The study addresses the need for a rational, systematic identification of solid-state host materials suitable for atom-like quantum defects used in quantum information science (QIS). While defect qubits in materials like diamond and silicon carbide have enabled advances in quantum networks and sensing, these systems represent only a small subset of potentially viable hosts and were largely discovered indirectly. The authors propose a comprehensive screening of inorganic materials to find hosts that support long spin coherence and efficient optical transitions. Ideal host properties include intrinsic diamagnetism (to reduce magnetic noise), a sufficiently large band gap to accommodate defect ground and excited states separated by optical frequencies, nonpolar crystal symmetry to minimize permanent electric dipole effects on defect optical coherence, high purity, and practical considerations such as dopability, surface control, and epitaxial growth capability. To reduce nuclear spin noise, elements with high natural abundance of zero-spin isotopes are favored, and isotopic enrichment is considered viable where zero-spin isotopes are ≥50%. The work aims to transform serendipitous discovery into a rational, database-driven search for host materials.

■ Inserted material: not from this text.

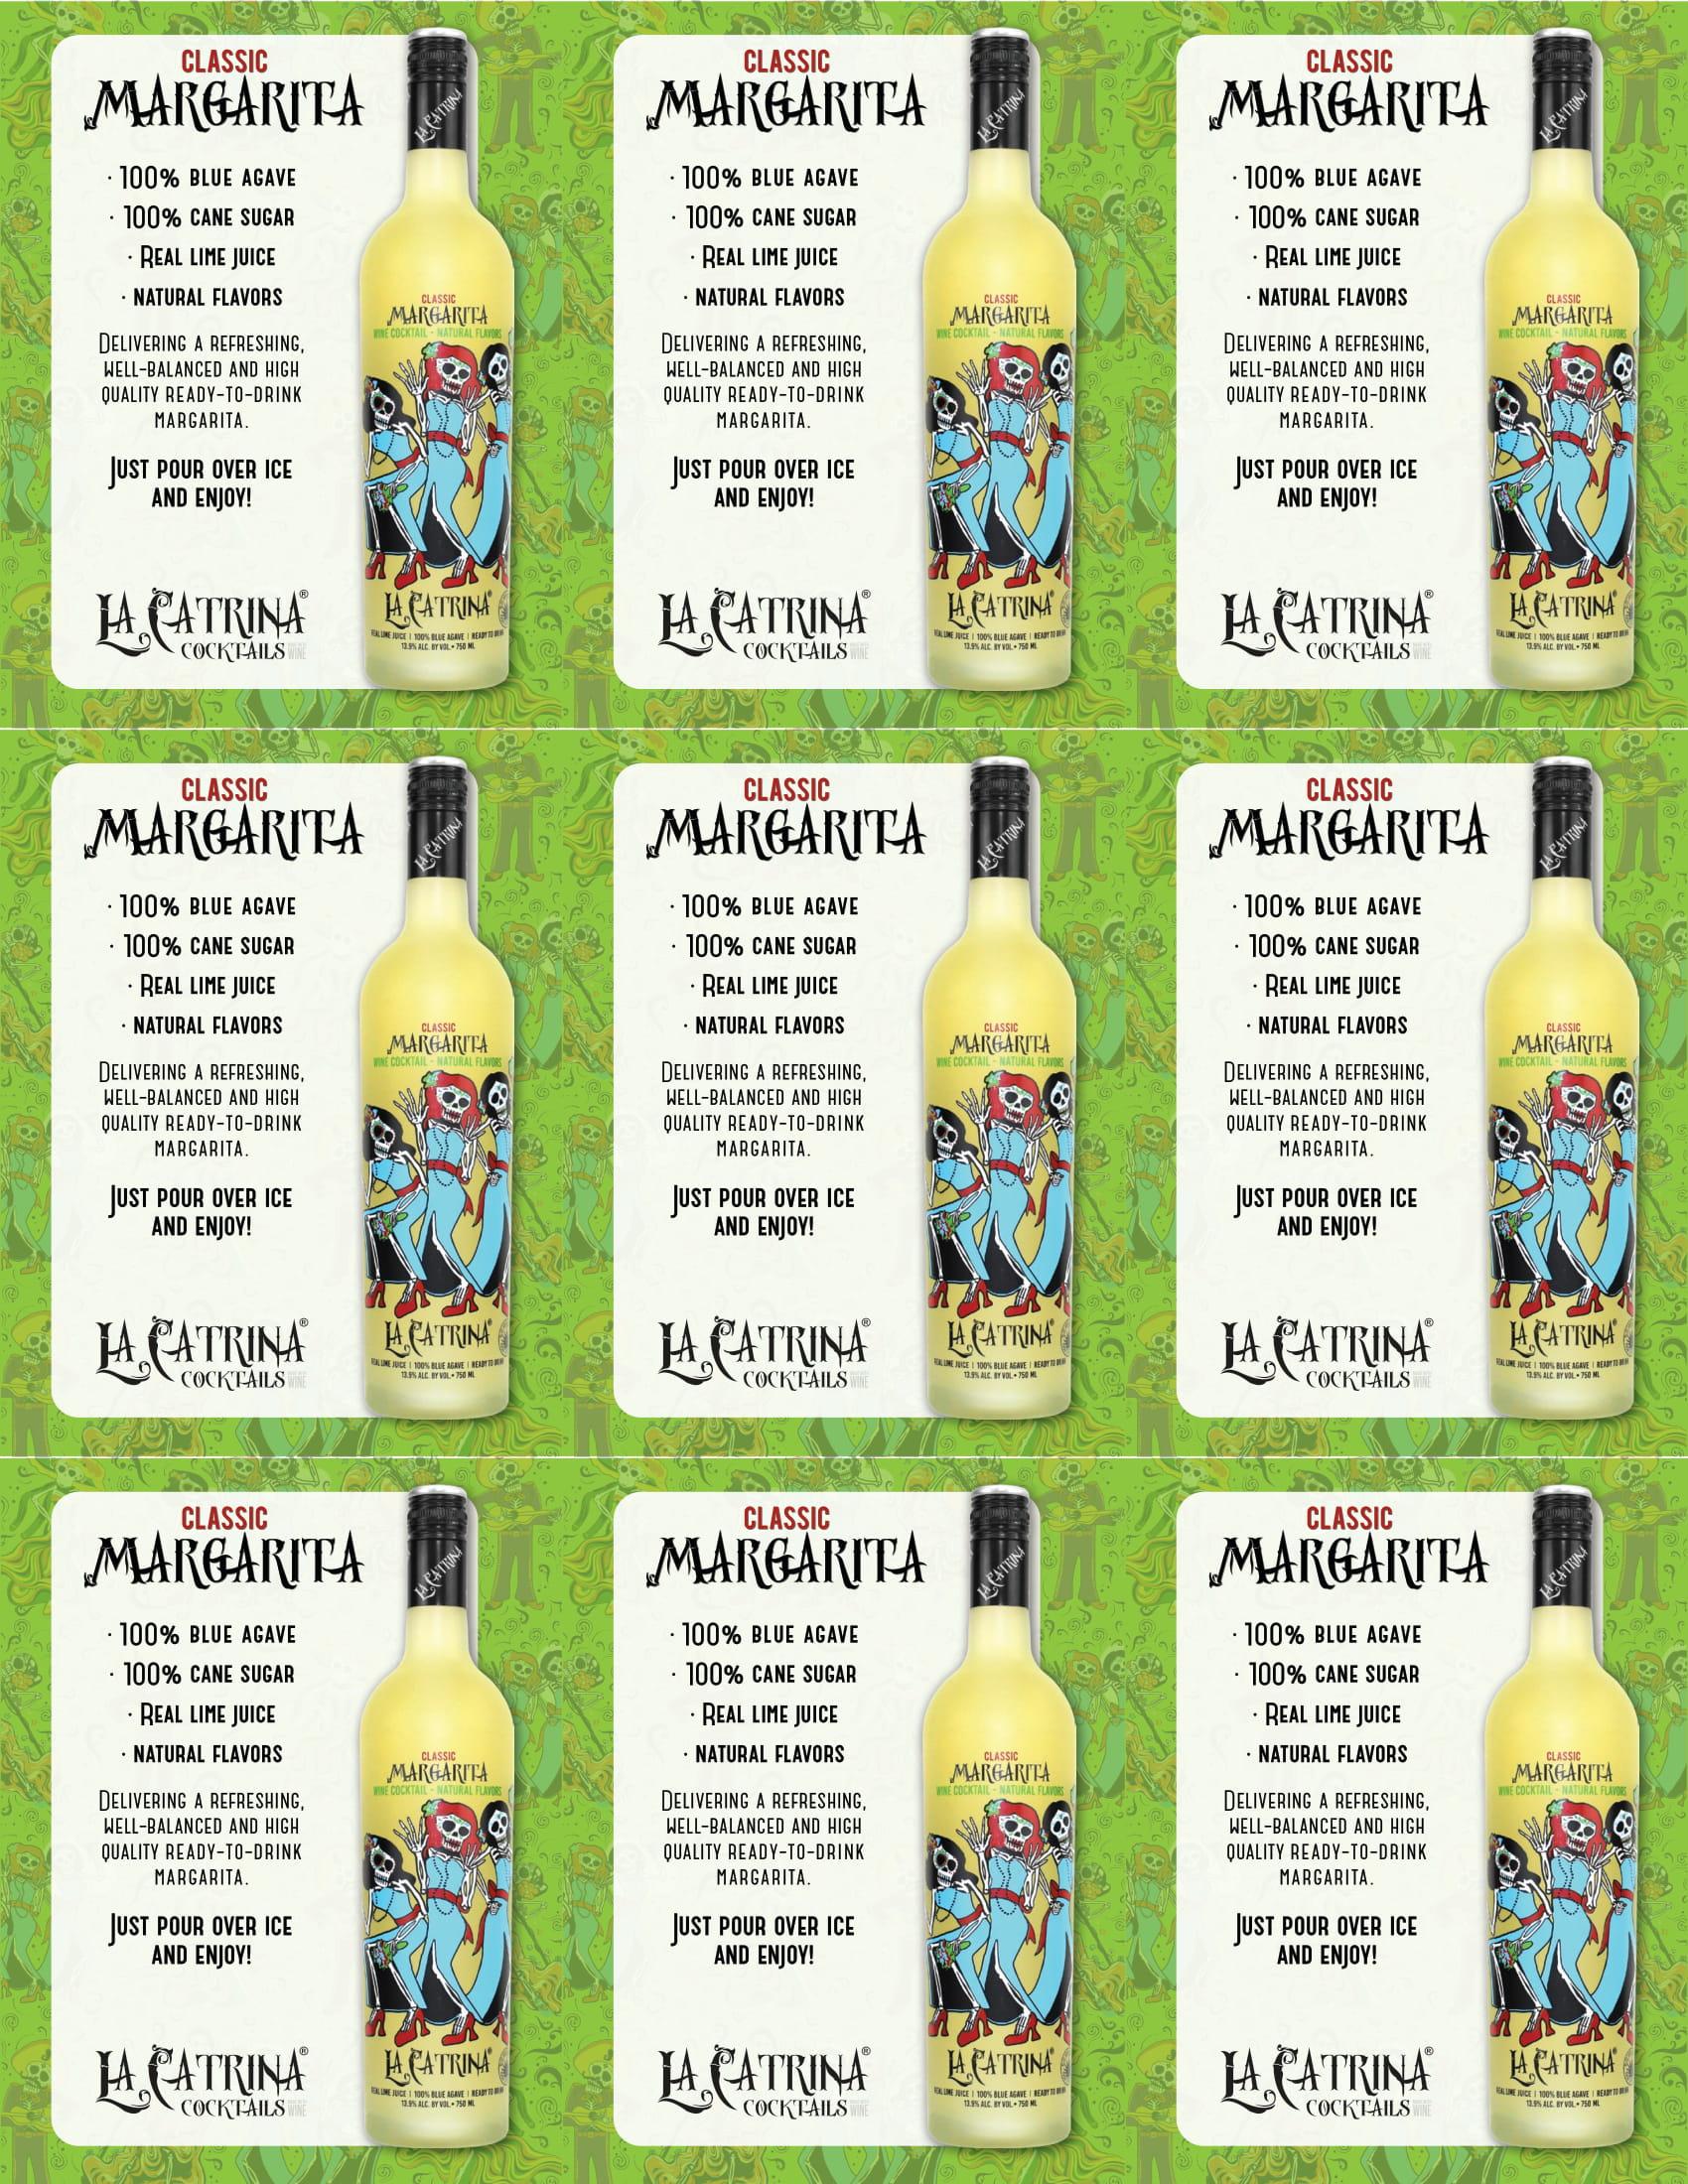 La Catrina Cocktails Classic Margarita Shelf Talkers

The paper situates its contribution within prior QIS work demonstrating solid-state spin qubits and their applications in quantum networks and nanoscale sensing, especially NV and related vacancy centers in diamond and defects in silicon carbide. It notes recent ab initio predictions for specific host-defect systems (e.g., SiC vacancy centers) and highlights the complementary approach of screening host materials by idealized criteria. The authors leverage several materials databases and computational frameworks—Materials Project (VASP GGA/GGA+U), JARVIS-DFT (OptB88vdW with mBJ), AFLOW (GGA+U with fitted band gaps), and AFLOW-ML (machine learning predictions)—and compare their band gap estimates with experimental literature values to mitigate known DFT biases (e.g., typical underestimation, especially with strong spin–orbit coupling).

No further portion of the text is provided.